Портфель свой Аркадий Николаевич пристроил наконец на коленях, пальцами этак по нему чуть барабанит.
— М-да… Лично мне и плащу дождь, понятно, не страшен, зато единственный пиджак и голубой галстук, выпрошенный на пару дней, могли, как говорится, утратить товарный вид. Но деваться некуда — накрылся с головой плащом и пулей — в зал ожидания. Маленький такой зальчик там был, дощатый. Прибежал — сразу давай проверять потери. Галстук в порядке, пиджак тоже, брюки, конечно, заляпались, но это пустяки. Сел на эмпээсовский диванчик фанерный, ноги протянул к печке-голландке и думаю себе бодренько: сейчас брючата обсохнут, я их обомну, обтрушу — краше новых будут. До подкидыша времени у меня прилично, сижу так, подремываю и вдруг… То есть, — опять робко, просительно улыбнулся он, — никакого «вдруг» не было, можете не настораживаться. Просто шумная компания вошла. До того зал совсем пустой был, а тут — трое парней в ватниках, в кирзачах с подвернутыми голенищами, вероятней всего рабочие-путейцы, с ними пожилой мужик. Грязный, оборванный, но, между прочим, в шляпе. И если приглядеться, так это грязное и оборванное на нем ничто иное, как синий габардиновый макинтош. А макинтош тогда, как бы вам это объяснить?.. Ну, года за два до этого в макинтошах и зеленых велюровых шляпах щеголяло начальство районное, решившееся снять полувоенные куртки, а уж за начальством потащили на себя макинтоши и другие-прочие, желавшие показать, что не лыком шиты. Престижная была штучка, вроде как Петин пиджачок нынче. Да… И пьян этот мужик был смертельно, и, судя по всему, не первый день. Парни усадили его в угол дивана, рядом деловито постелили газетку, хлеб достали, лук. К его бормотанию (а он все время что-то бубнил) они не прислушивались. Я от скуки послушал, понял мало, но в общем-то жаловался мужик на судьбу, а где на судьбу, там, естественно, и на бабу… Есть, знаете, у нашего брата такой жалобный стереотип: я, мол, на нее хрип гну, а она же меня «щунит и мерзавит». Сначала одни эти словечки и привлекли мое внимание, даже подумал: уж не земляк ли? Стал приглядываться. Мужик росту небольшого, в теле, а рожа так и вовсе — бурдастая, толстощекая, глазки заплыли. Сидит тяжело, комовато, вот-вот рухнет, а все же сила в нем чувствуется, и немалая. Наш северный мужичок, он, знаете, может быть и толстым, и тощим, и даже больным, но такой подсадистый, что не дай бог разозлить…

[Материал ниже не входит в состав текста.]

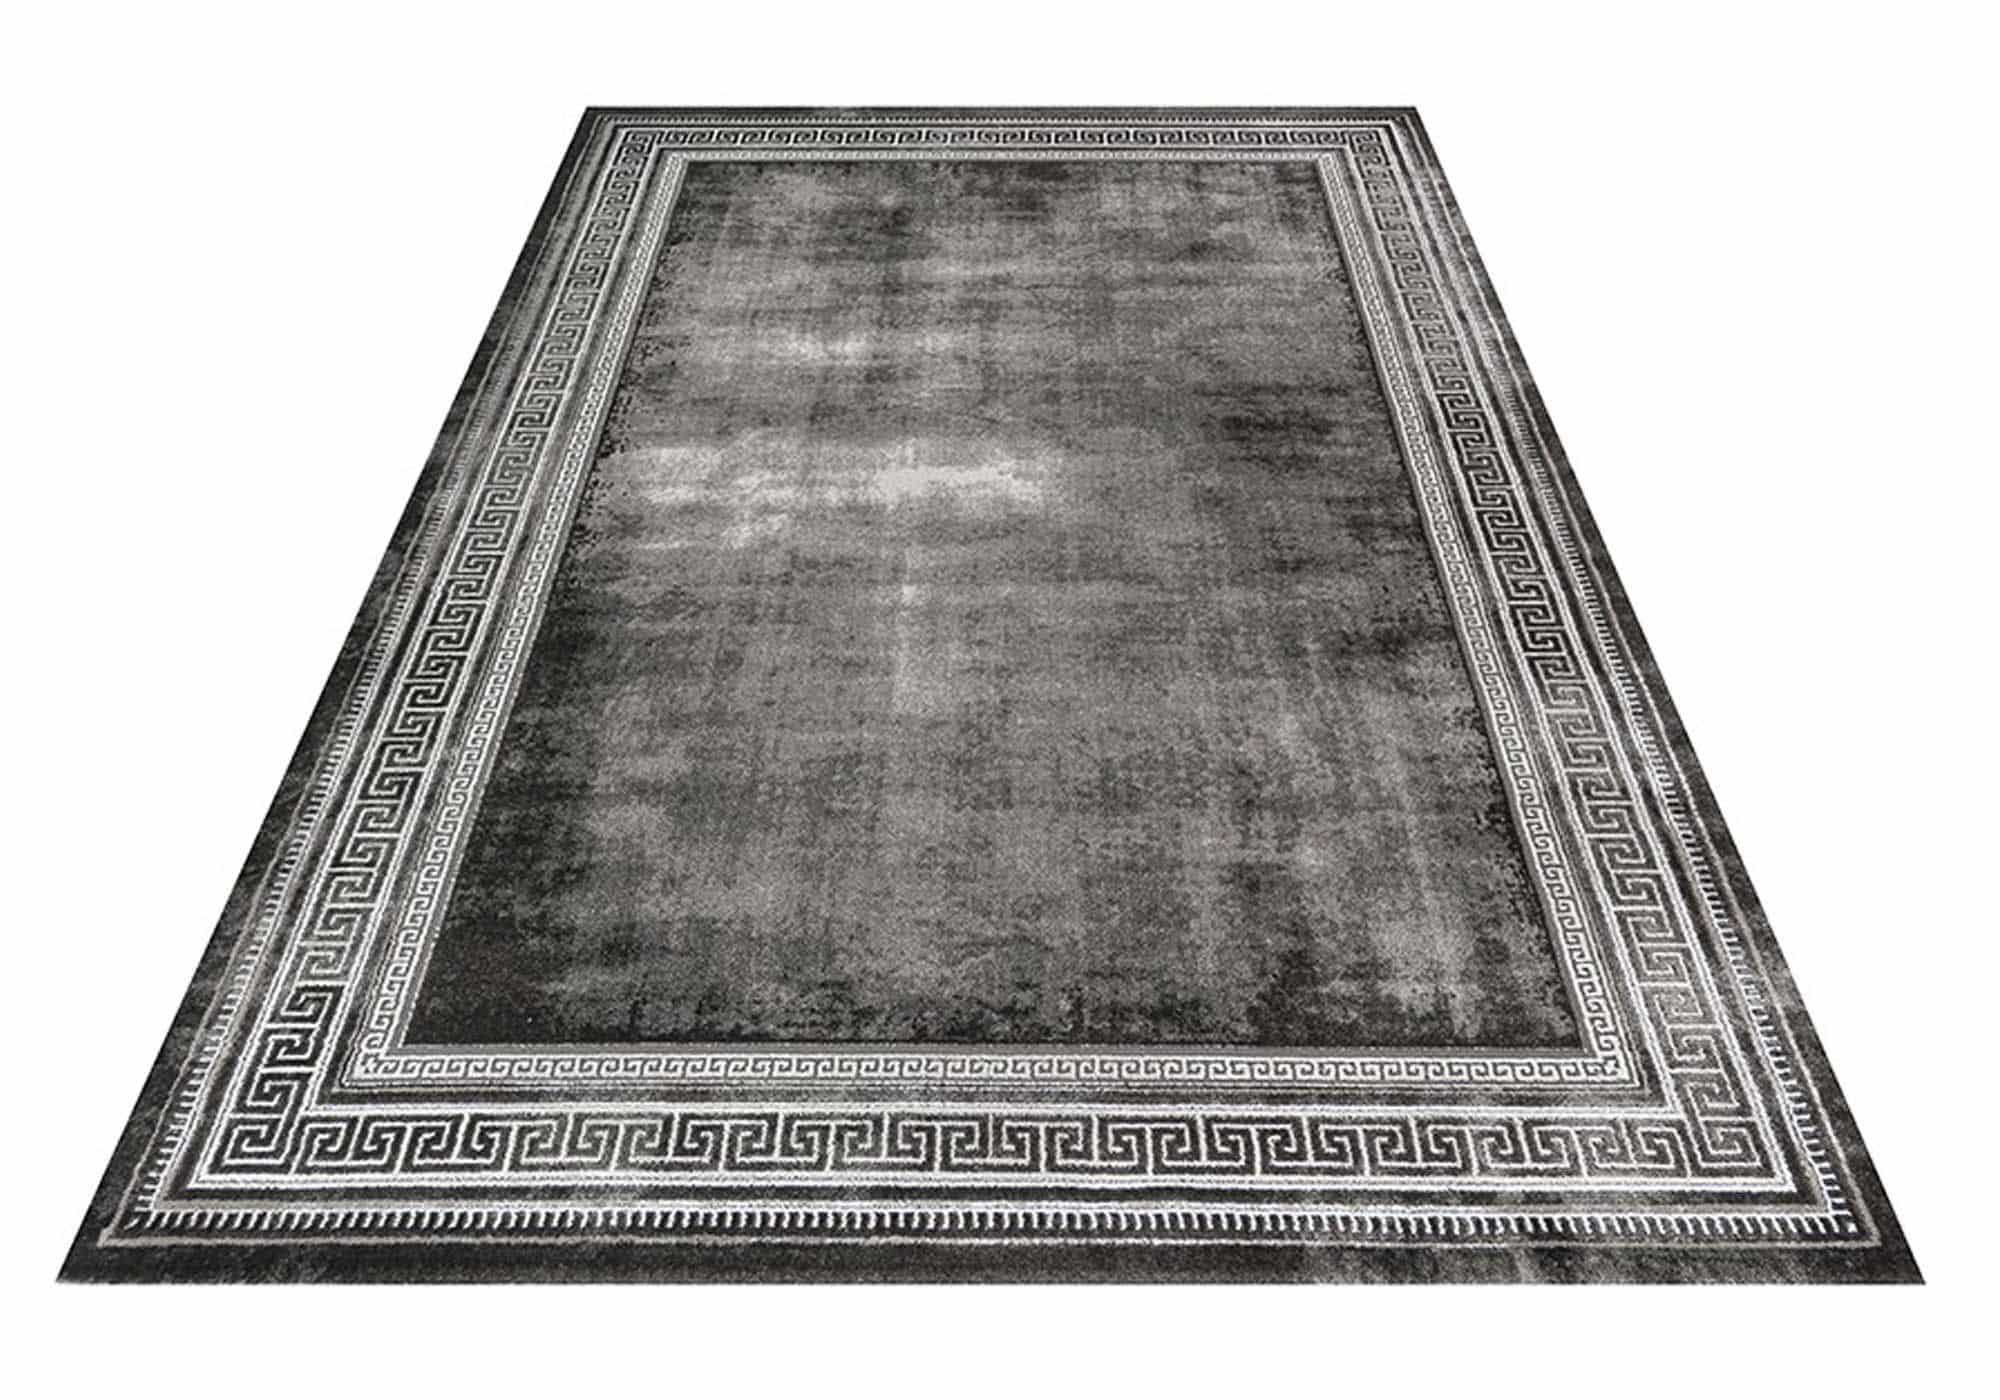 Teppich 160 x 230 cm - Marmor Optik - 11 mm Höhe - grau - Opal 720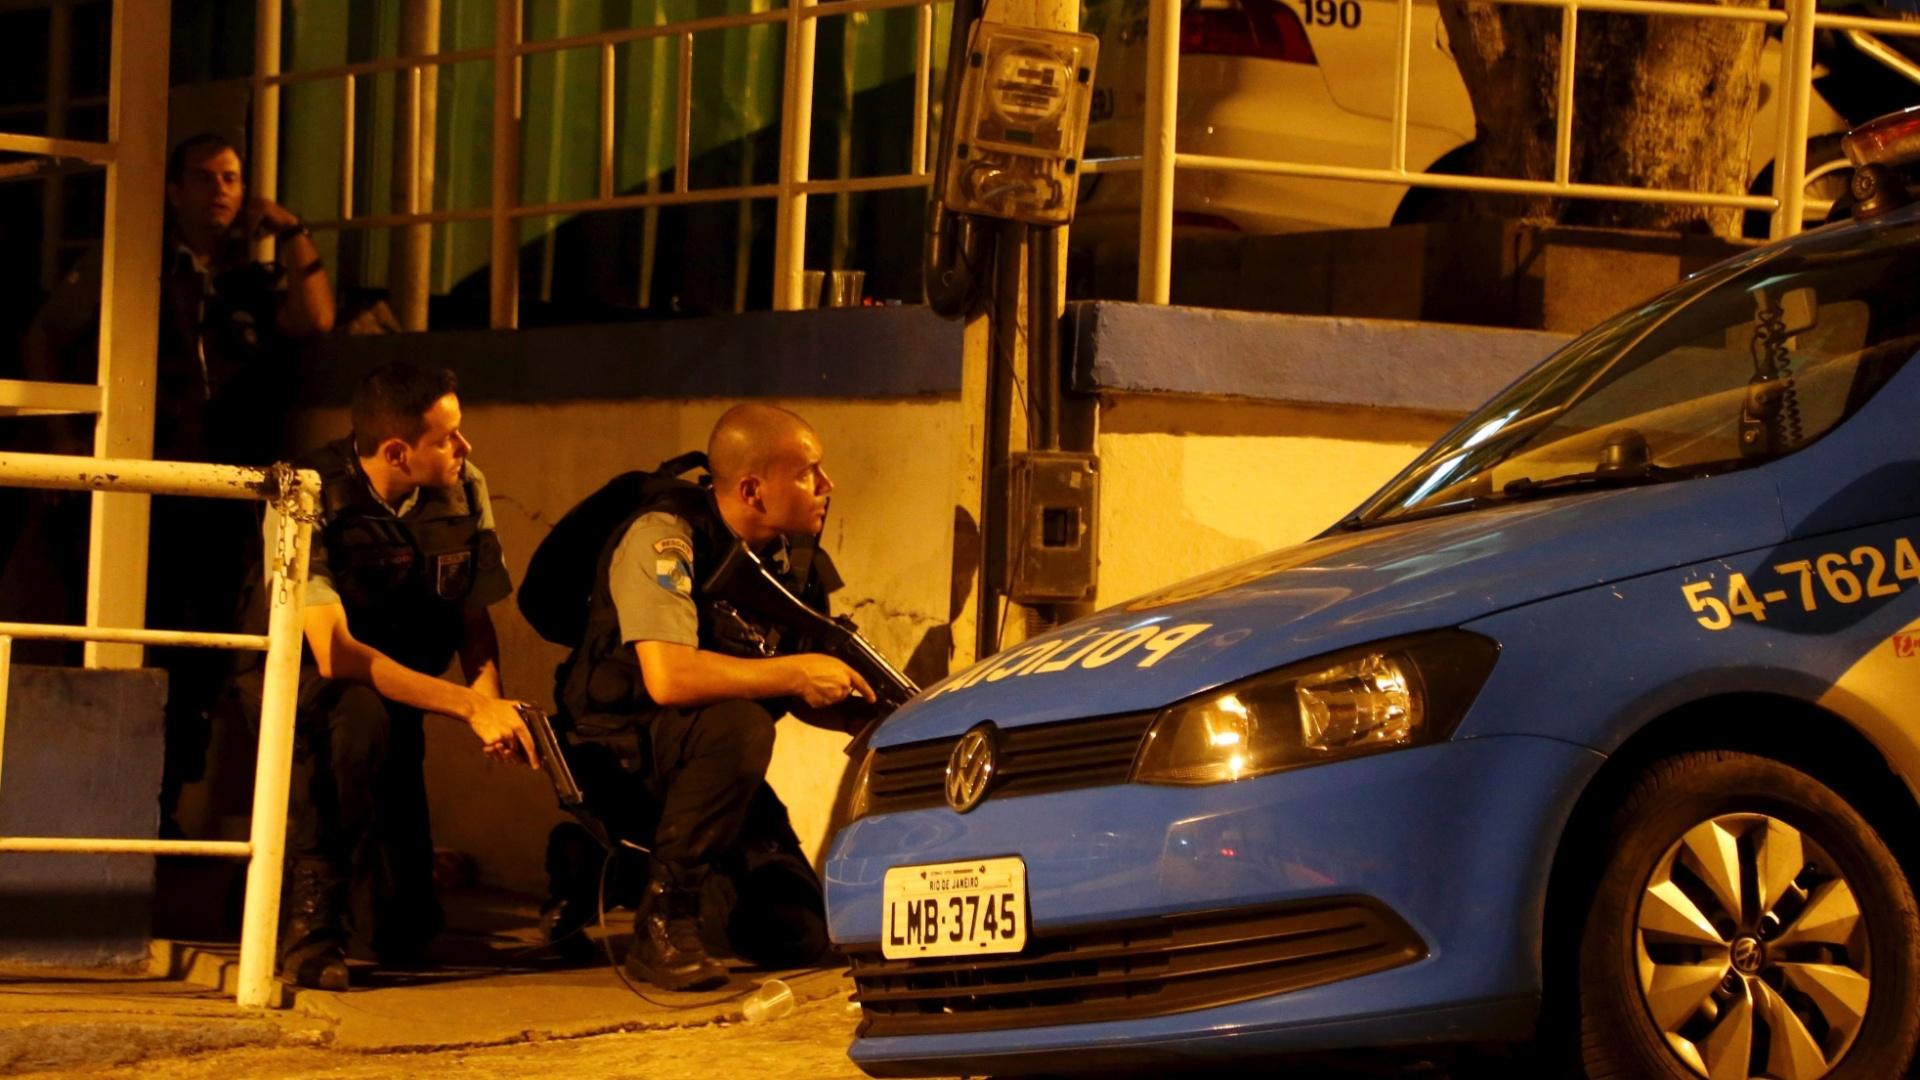 9.fev.2015 - Policiais da UPP (Unidade de Polícia Pacificadora) da favela do Salgueiro, na Tijuca, na zona norte do Rio de Janeiro, foram atacados a tiros por traficantes de drogas na noite desta segunda-feira (9). Durante o confronto, um suspeito morreu e dois policiais ficaram feridos após serem atingidos por disparos

Рассказывая, Аркадий Николаевич незаметно преобразился: лицо его вытянулось, сделалось скорбно-сосредоточенным, и когда он смолкал между двумя фразами, из-под кончиков усов резко пробегали печальные морщинки.
Трудно объяснить, чем так уж западал в душу его рассказ: ничего страшного в нем пока не было. Может, тут действовал подрагивающий голос, выражение лица. А может, и то, что «рафик» наш под натруженный гул мотора забирался все выше, все ближе к грязному, залежавшемуся на вершинах сопок снегу и к серым тучам, идущим с моря. За стеклами его сгущалась туманная мрачность.
Все сидели тихо, даже Ральский присмирел.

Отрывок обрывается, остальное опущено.